Please pull the for-linus branch from the git tree:

git://git.kernel.org/pub/scm/linux/kernel/git/ebiederm/user-namespace.git for-linus

HEAD:f6581f5b55141a95657ef5742cf6a6bfa20a109f ptrace: restore smp_rmb() in __ptrace_may_access()
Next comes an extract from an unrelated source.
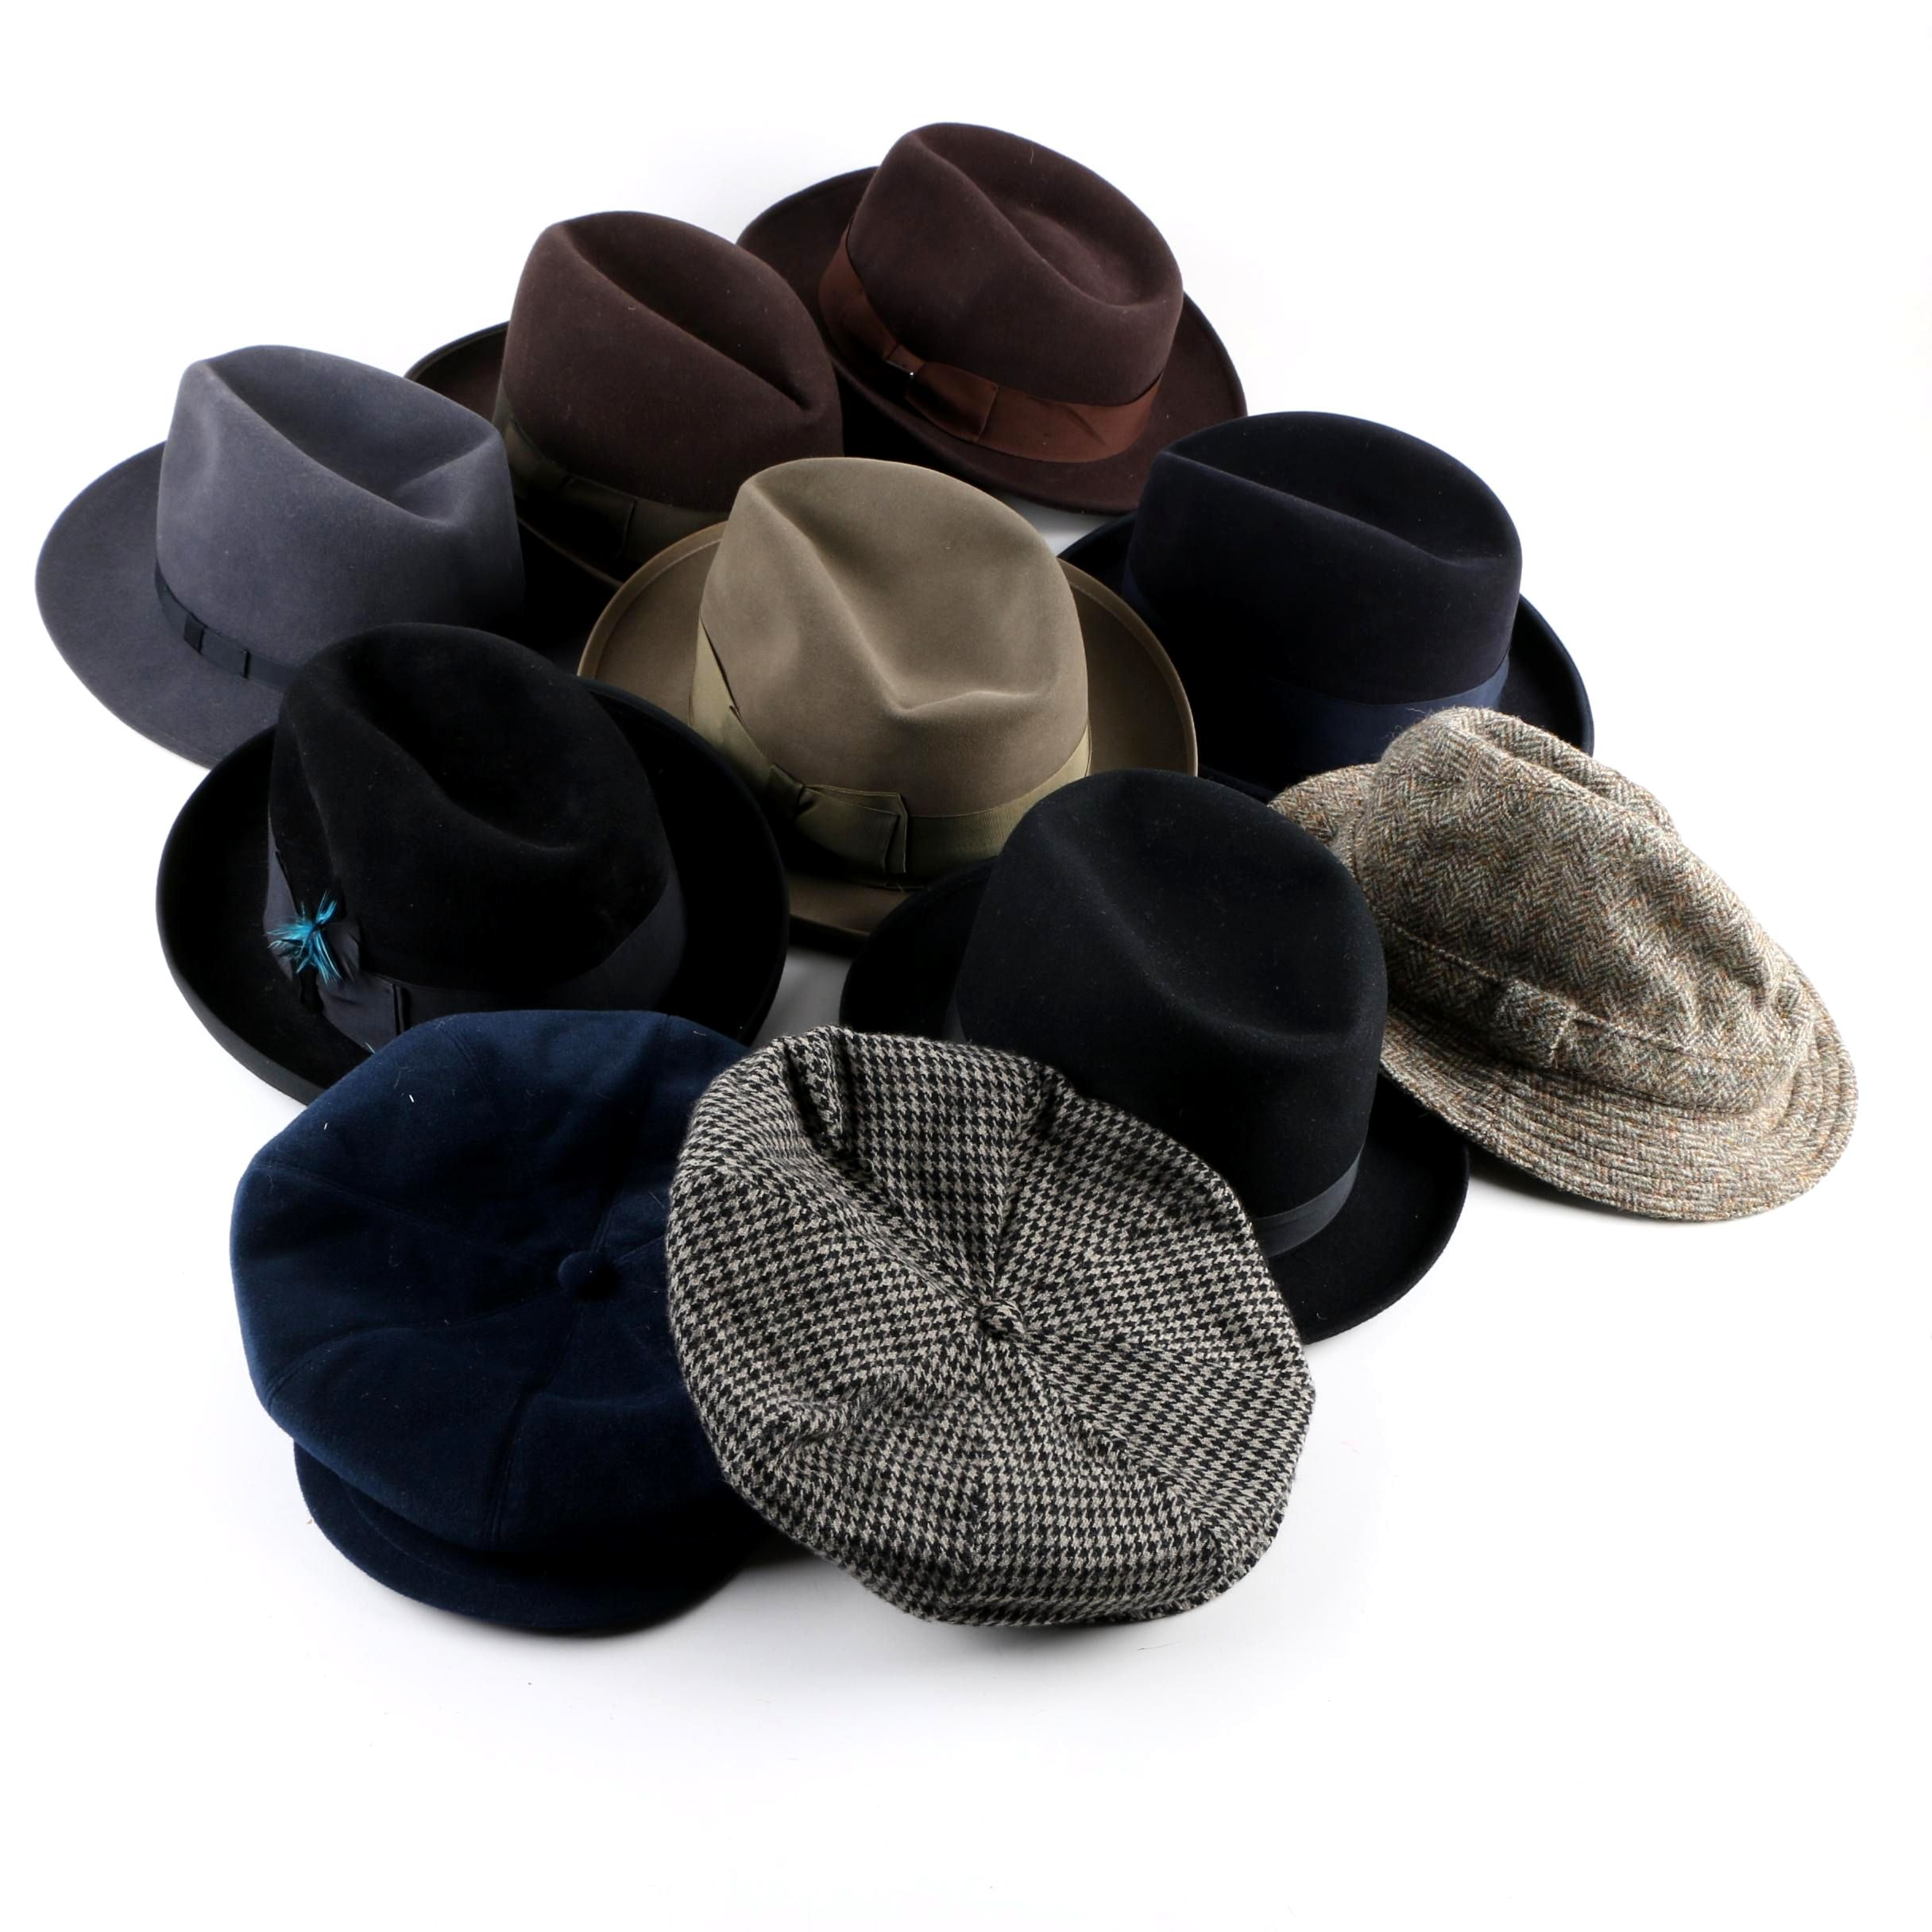 Men's Fedora and Newsboy Hats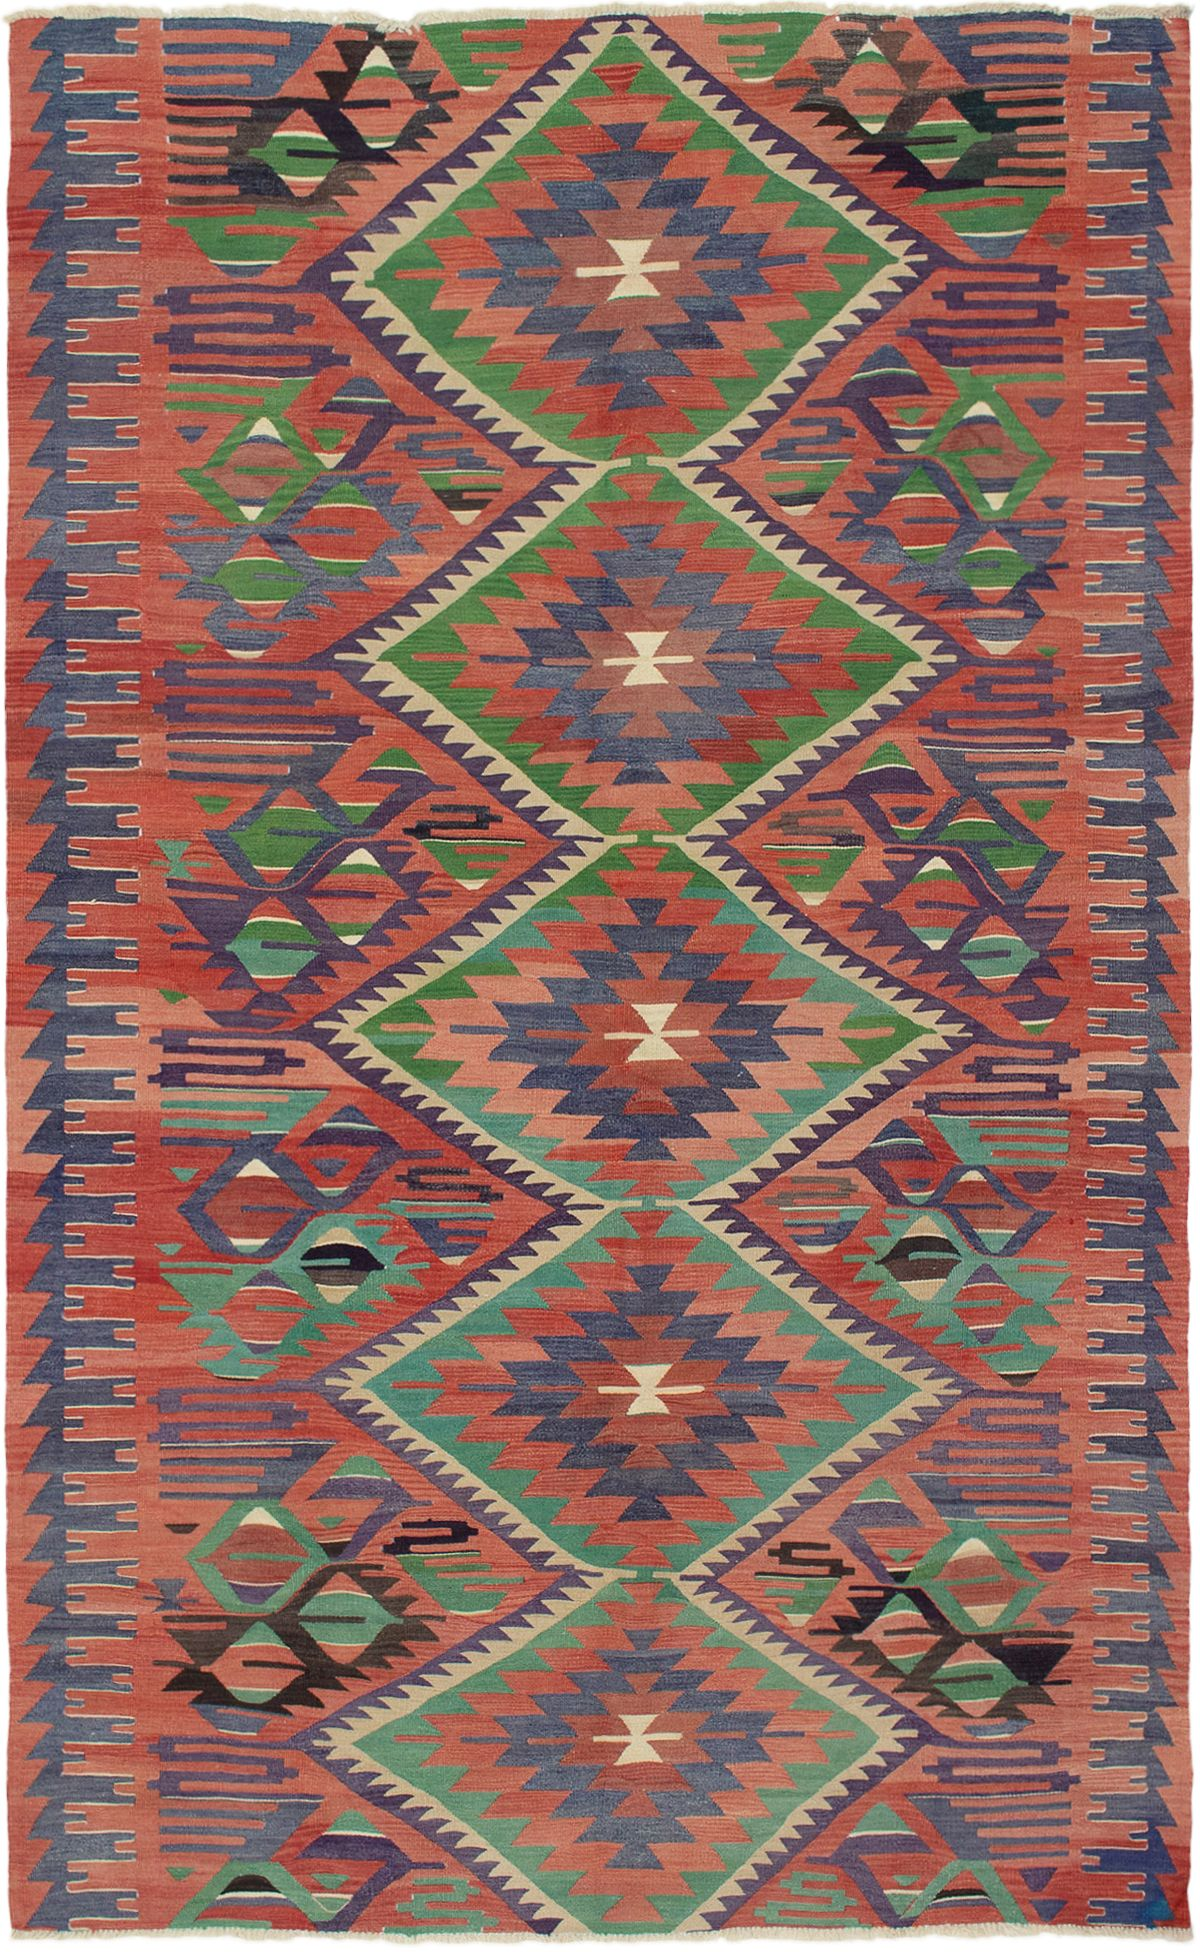 "Hand woven Sivas Dark Copper Wool Kilim 5'11"" x 10'3"" Size: 5'11"" x 10'3"""

This is just two very minor fixes. Preventing ptrace from reading
unitialized kernel memory found twice by syzkaller, and restoring a
missing smp_rmb in ptrace_may_access and commening it so it is not
removed by accident again.

Apologies for being a little slow about getting this to you, I am still
figuring out how to develop with a little baby in the house.


Eric W. Biederman (1):
signal/ptrace: Don't leak unitialized kernel memory with PTRACE_PEEK_SIGINFO

Jann Horn (1):
ptrace: restore smp_rmb() in __ptrace_may_access()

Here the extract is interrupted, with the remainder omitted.